Governing standard: ISO 6020 / ISO 6022· ISO 6020-1/2 (16 MPa & 25 MPa series) · ISO 6022 (160 bar series) · Euler/Johnson rod buckling

How ISO 6020 works — the method explained

The MechanixCalc hydraulic cylinders calculator sizes and verifies hydraulic and pneumatic cylinders to ISO 6020 and ISO 6022. Enter the bore diameter, rod diameter, stroke, supply pressure and back pressure, and the tool returns the extension force, retraction force, flow rate, hydraulic power, piston speed, and the rod buckling safety factor — all in a single pass for both the advance and retract strokes.

It is built for fluid power and machine-design engineers who need fast, auditable cylinder sizing — whether selecting bore size to hit a target force, checking rod slenderness against an Euler or Johnson buckling limit, or verifying that an end-of-stroke cushion will arrest a moving mass within the allowable peak pressure. Both hydraulic (ISO 6020/6022) and pneumatic (ISO 6432/15552) cylinder modes are included.

What this calculator does

  • ISO 6020/6022 hydraulic and ISO 6432/15552 pneumatic cylinder force and flow calculation
  • Piston rod buckling safety factor — Euler (long rod) and Johnson (short rod) column theory with selectable end conditions
  • End-of-stroke cushioning and deceleration analysis — kinetic energy, peak cushion pressure and g-force
  • Flow rate, hydraulic power, and speed vs pressure charts for extend and retract strokes
  • Bore size selection chart for a target force across the supply pressure range
  • Speed and cycle-time analysis with differential area speed ratio
  • Branded PDF engineering report with full methodology shown

Method & formulas

Extension and retraction force (ISO 6020 / ISO 6022)

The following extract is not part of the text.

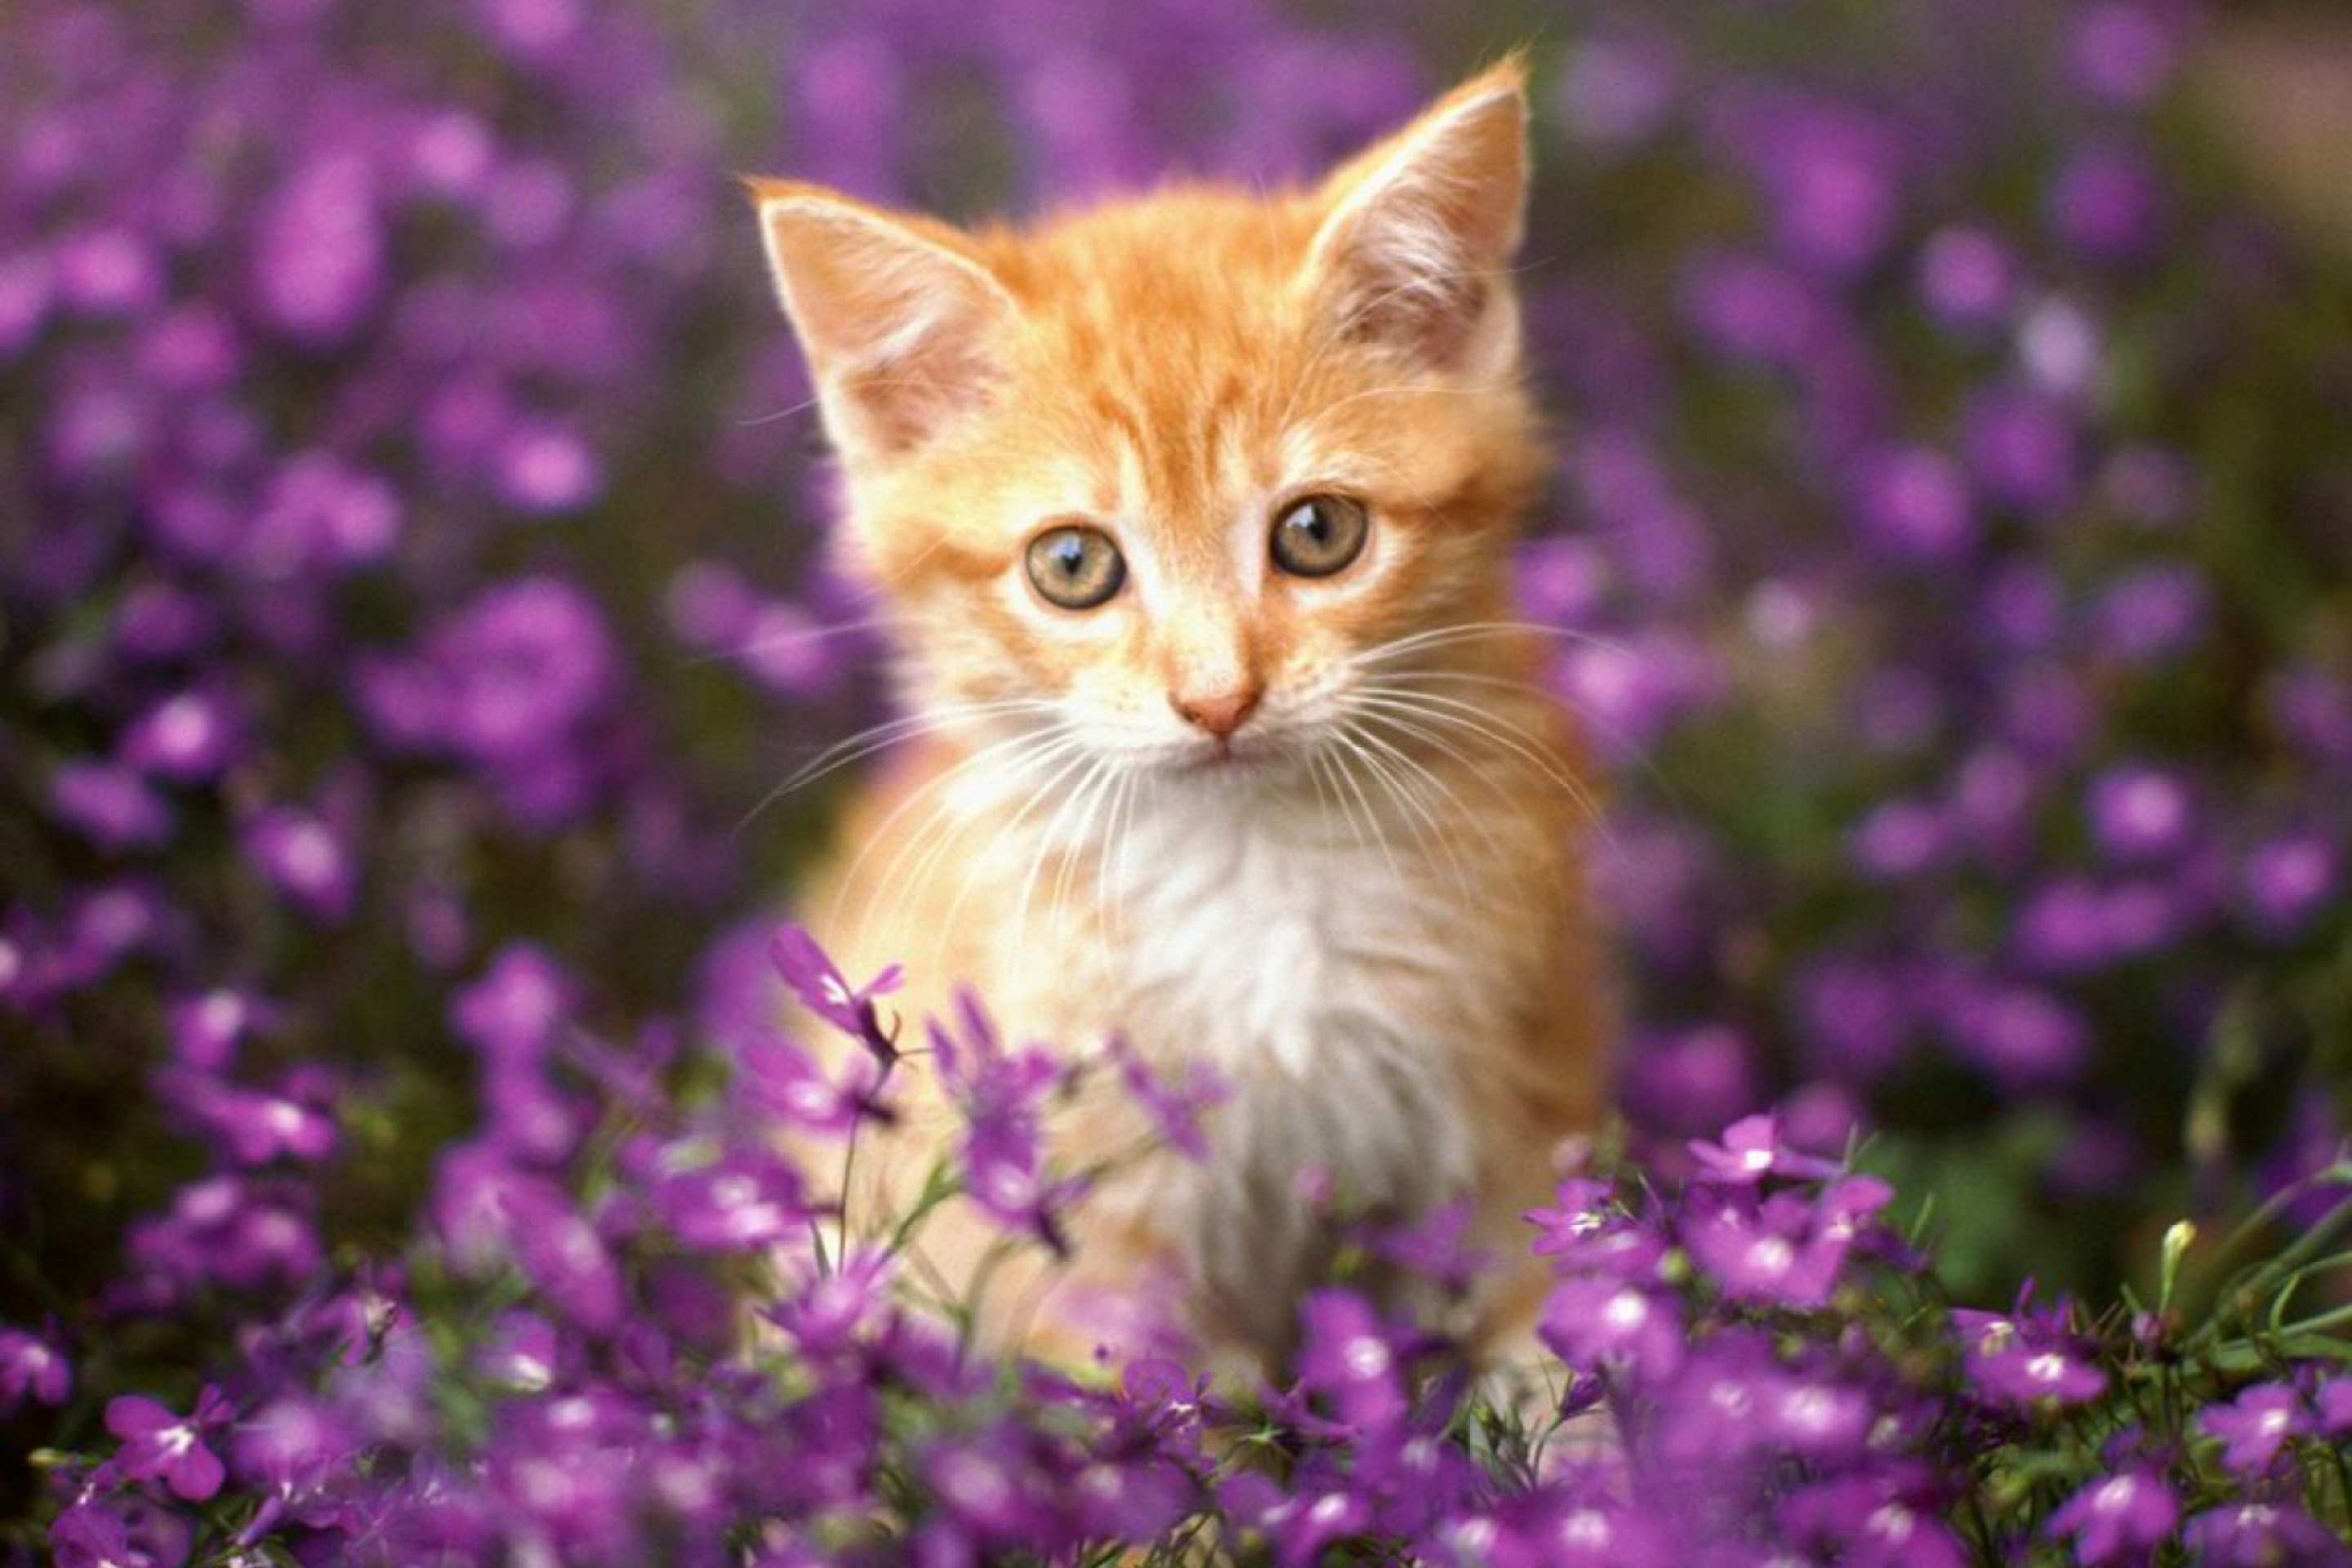 Sweet Kitten In Flower Field wallpaper 2880x1920

The net output force depends on which face of the piston the supply pressure acts on. On extension (advance), pressure acts on the full bore area. On retraction, pressure acts on the annular area between the bore and the rod — so the retraction force is always lower than the extension force for the same supply pressure. Both results are reduced by the back pressure on the opposing face and by mechanical efficiency.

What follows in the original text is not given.